The sample reported as of hg. Q1a:

Sample_name: I0434
Hg: Q1
Hg_marker: Q-F2676*(xF4930,L57)
Total_reads: 147970
Valid_markers: 490
QC-score: 1.0
QC-1: 1.0
QC-2: 1.0
QC-3: 1.0
See full output.

It has dubious negative calls for Q1b-L57 (G->A), Q1b-CTS8328 (C->T), Q1b1-L55 (G->A), and Q1b1-L476 (G->A).

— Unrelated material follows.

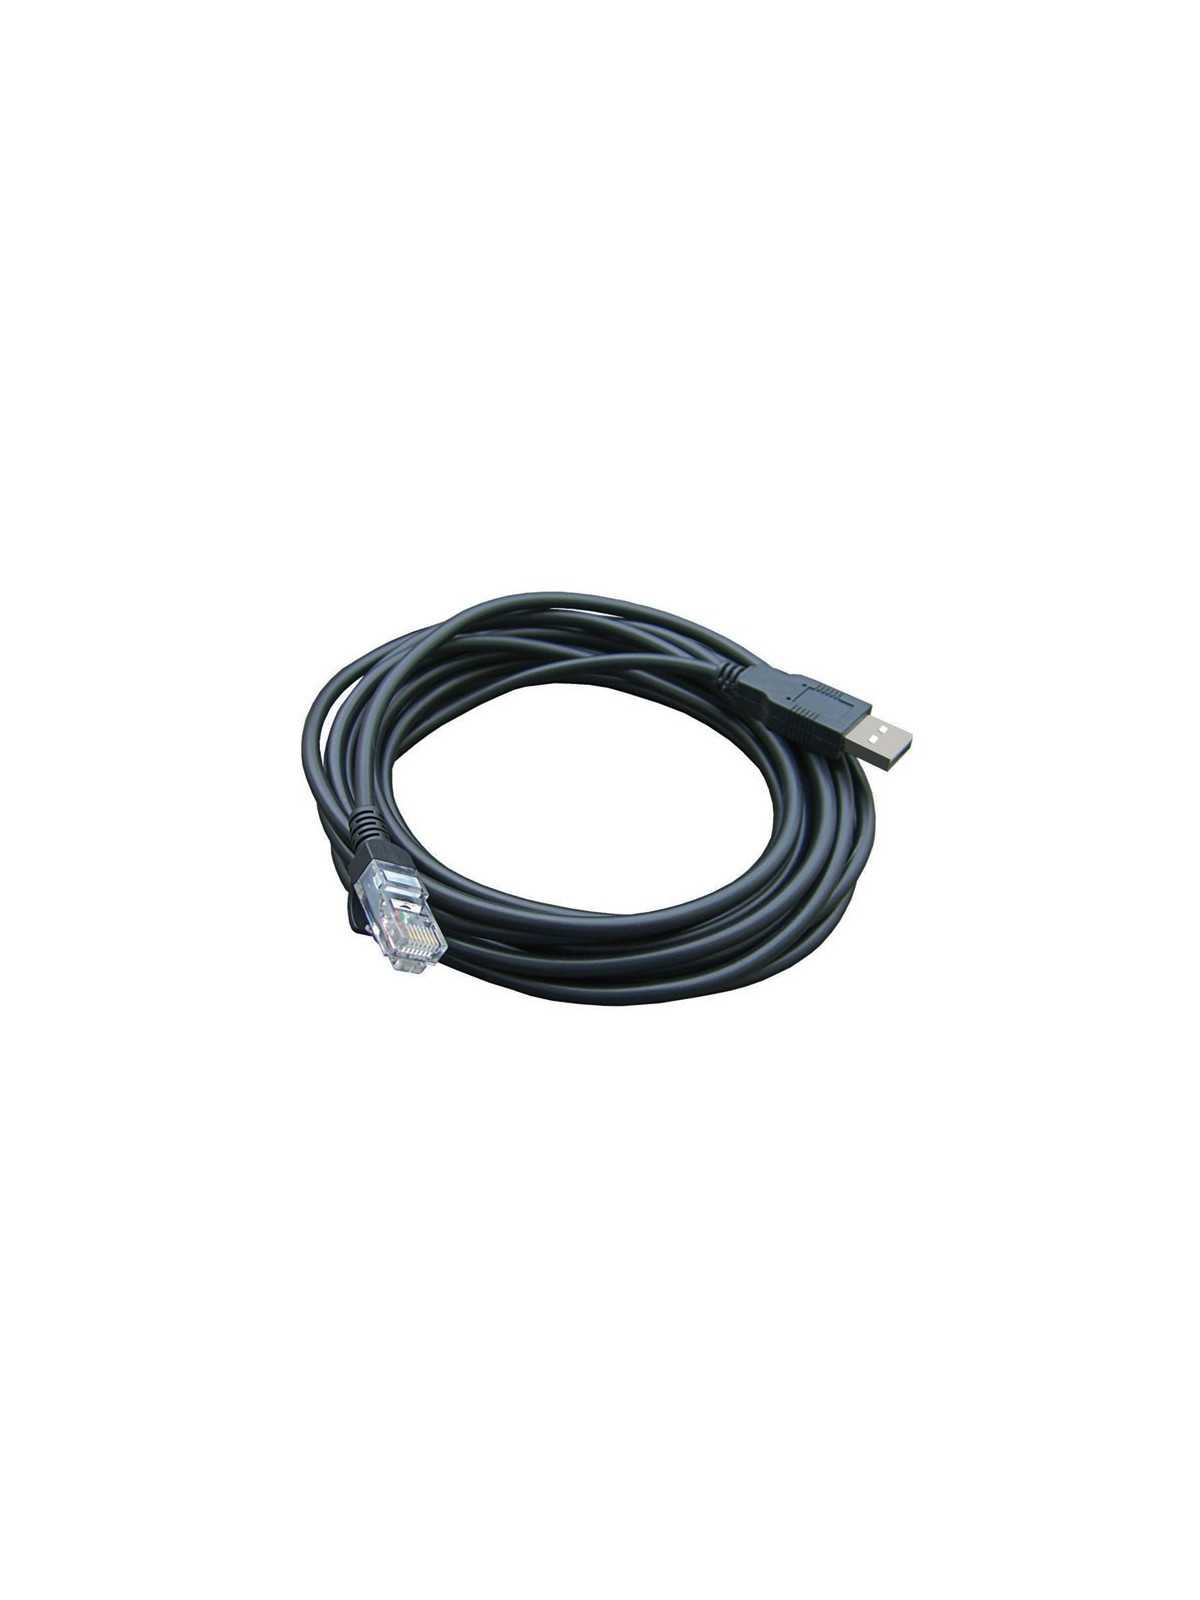 USB - Cable RG45

Undefined beyond Q1.

Samara hunter-gatherer

Officially reported as of hg. R1b-L754. Amateurs have reported it to be of hg. R1b-M73.

Sample_name: I0124
Hg: NA
Hg_marker: NA
Total_reads: 1272057
Valid_markers: 5080
QC-score: 0.0
QC-1: 0.0
QC-2: 1.0
QC-3: 1.0
See full output.

It has positive calls up to R1b-P297.
Positive for two R1b-M73 SNPs: R1b1a1a-Y13872 (C->T), but negative for others.
Positive for two R1b-M269 SNPs: R1b1a1b-L777 (T->C) and R1b1a1b-PF6436 (C->T), but negative for others.

Allentoft et al. Nature (2015)

Sample_name RISE98
Hg NA
Hg_marker NA
Total_reads 9783990
Valid_markers 39643
QC-score 0.0
QC-1 1.0
QC-2 1.0
QC-3 1.0

See full output.

Even though the result is undetermined, it has positive calls up to R1b-L151 and, being positive for R1b1a1b1a1a1-M405 (C->T) R1b-U106 is the most likely haplogroup of the sample, without confirmation of other SNPs.